NEW YORK (December 22, 2010) –Reindeer, also known as caribou in North America, may be flying high on the radar this time of year, but they’re not getting all of the attention. In a recent talk given at the Wildlife Conservation Society (WCS) Center for Global Conservation, WCS Conservationist Dr. Joel Berger discussed his latest findings on musk oxen persistence in Alaska.

The focus of the research being conducted by WCS and its partners is to understand what factors are causing musk oxen to thrive in some areas while only holding stable or declining population numbers in others.  The studies are integral to informing future conservation efforts for musk oxen and other at-risk Arctic species, and also to raise the profile of America’s least known large mammal.

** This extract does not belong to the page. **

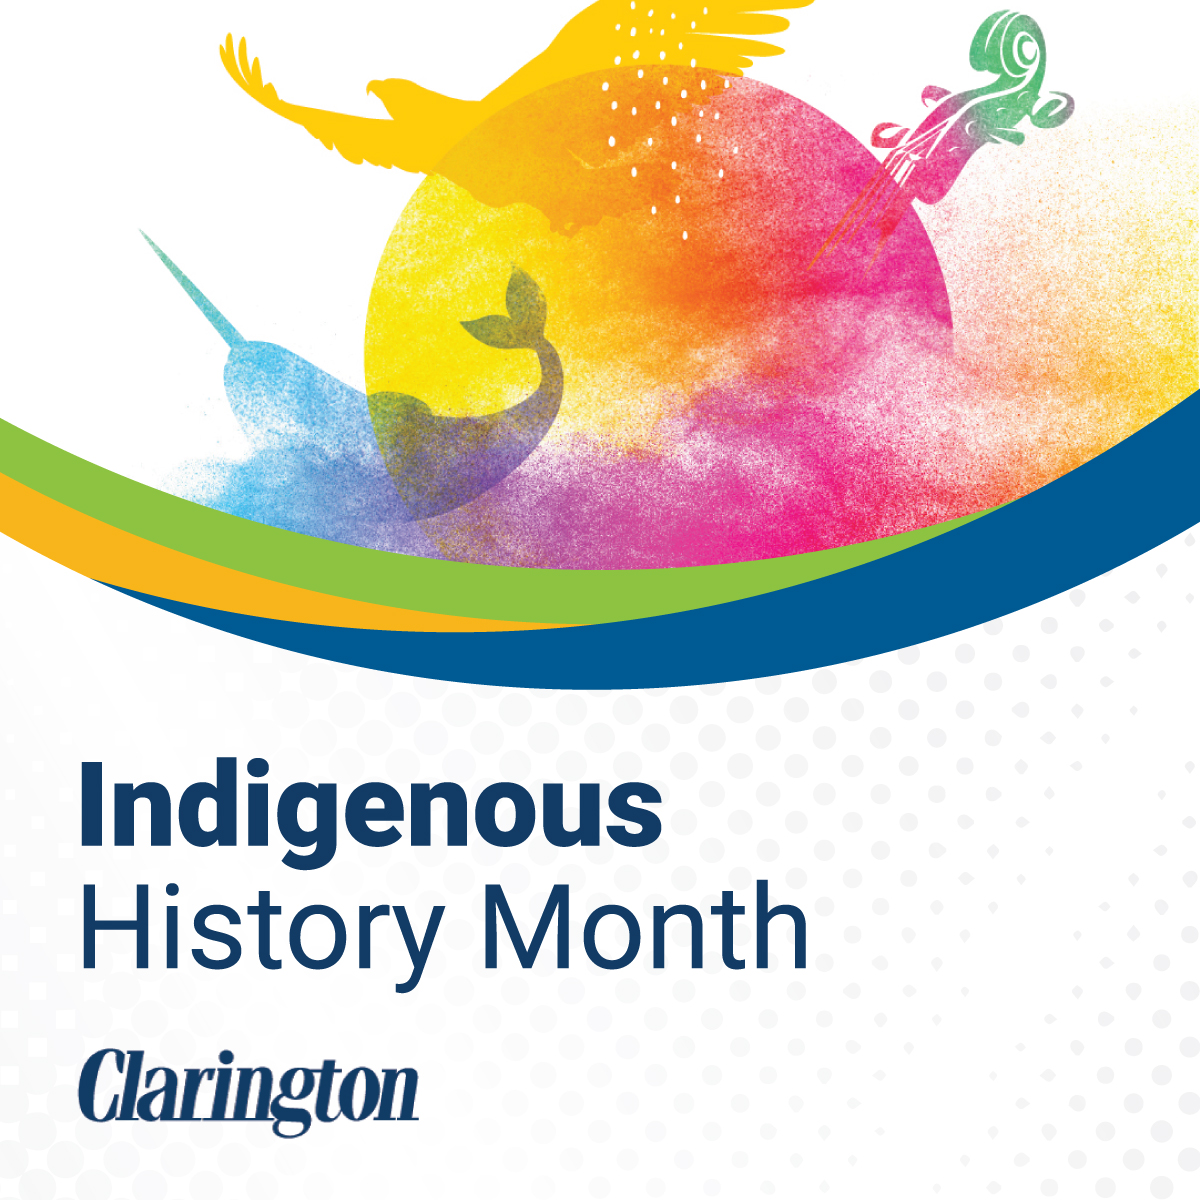 This month, we celebrate Indigenous achievements, artists, athletes, storytellers, and elders and learn about the historical and current social, economic, and cultural impact of Indigenous peoples in #Clarington and across Canada. 

Happy #NationalIndigenousHistoryMonth!

Musk oxen—the quintessential Arctic land mammals—grow thick undercoats of soft fleece and shaggy overcoats in winter. The species was extinct in Alaska as recently as the 1880s but was re-introduced into Alaska’s Arctic in the 1970s and today, approximately 3500-4000 musk oxen exist there. Berger stated that only 10-30 of the animals remain in Alaska’s Arctic National Wildlife Refuge–down in number from the more than 400 that lived in the refuge in the 1990s.

“People may think Pleistocene relics exist only in museums or that animals with a highly ordered social structure like elephants exist only in Africa or Asia, but actually they exist here in the American wild,” said Dr. Berger. “We’re just starting to unlock the clues that will inform the conservation of these amazing animals, and to spread the word about what a national treasure they truly are.”

Asked if musk ox could step in and pull a toy-filled sleigh in a pinch, Berger stated, “And then some.”